Il se lève et, debout derrière elle, commence à lui masser les épaules :
- Ce que vous êtes nouée. Terminez ça et fermez l’ordi. Il n’y a pas que le travail dans la vie.
- ça c’est bien vrai. Vous savez que ce soir je ne peux pas m’attarder.
- Vous allez à un rendez-vous ? Un nouvel homme dans votre vie ?
- Non, je dîne avec ma mère et je dois faire quelques courses avant.
- Je vous promets qu’on fera vite.
- C’est que…je n’en ai pas envie.
- L’autre soir, c’était bien pourtant.
- Oui, mais ça doit rester exceptionnel.
- Pourquoi donc ? Vous êtes libre et je suis en instance de divorce.

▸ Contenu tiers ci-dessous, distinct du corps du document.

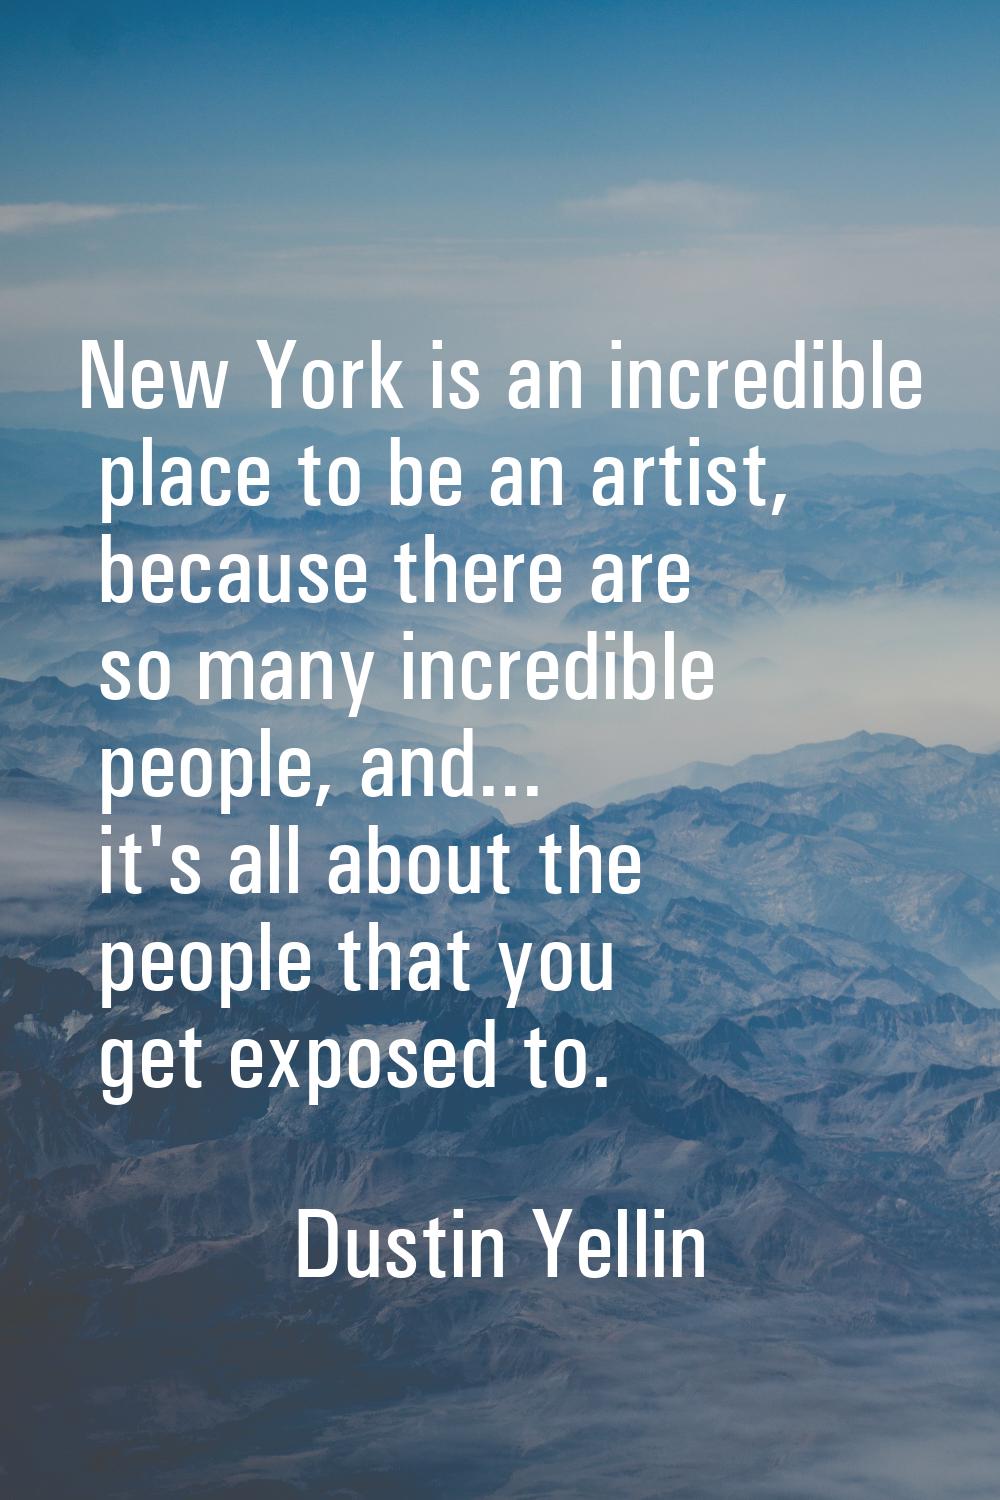 New York is an incredible place to be an artist, because there are so many incredible people, and..

- Monsieur, s’il vous plait.
- Allez Sylvette. Juste une petite gâterie et je vous laisse partir aussitôt après.

Il commence déjà à dégrafer son pantalon. Que faire contre ce tyran bestial ? Il a déjà sorti sa grosse pine molle ; ses couilles pendent au dessus de son slip. Elle voudrait les lacérer avec ses ongles, le mordre jusqu’au sang, ce salaud.

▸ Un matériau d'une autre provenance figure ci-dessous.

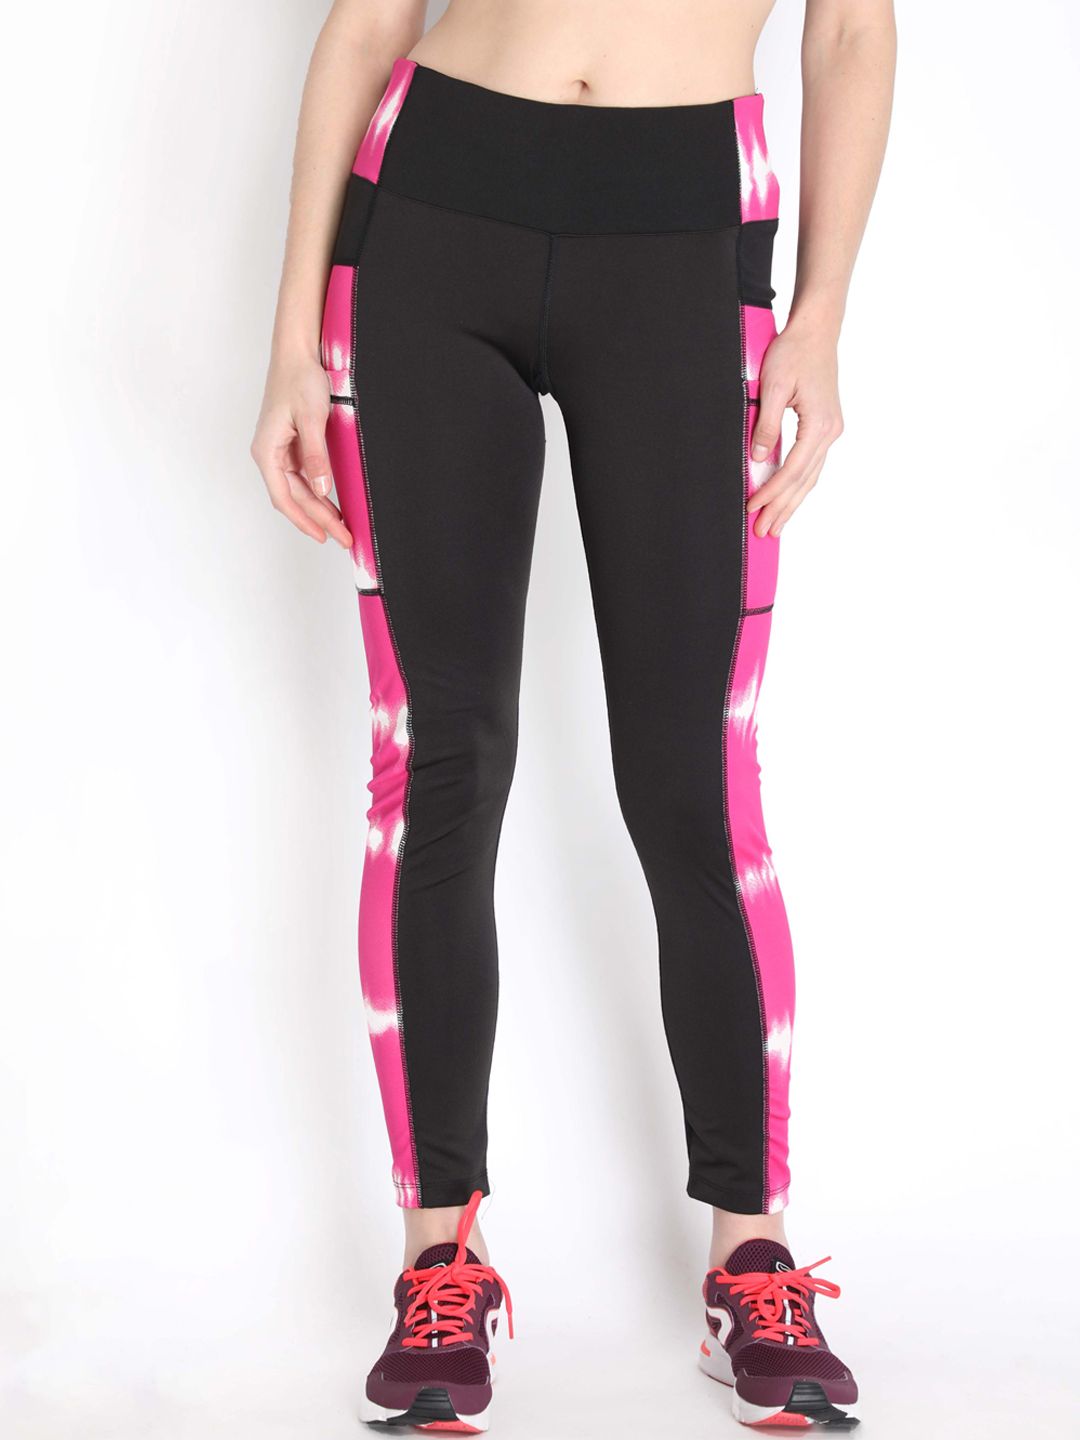 Chkokko Women Black & Pink Printed Stretchable Gym Tights Price in India

- Regarde Sylvette, elle se tend toute seule vers ta bouche. Ton parfum, tes yeux de biche, tes petits seins et tes hanches rondes : tout m’excite en toi. Vas-y. je suis déjà prêt à jouir.
- Alors fissa. Et on n’en reparle plus jamais.
- Promis.

Et elle absorbe entre ses lèvres fines le gland rosacé en se jurant de porter plainte s’il ose encore récidiver.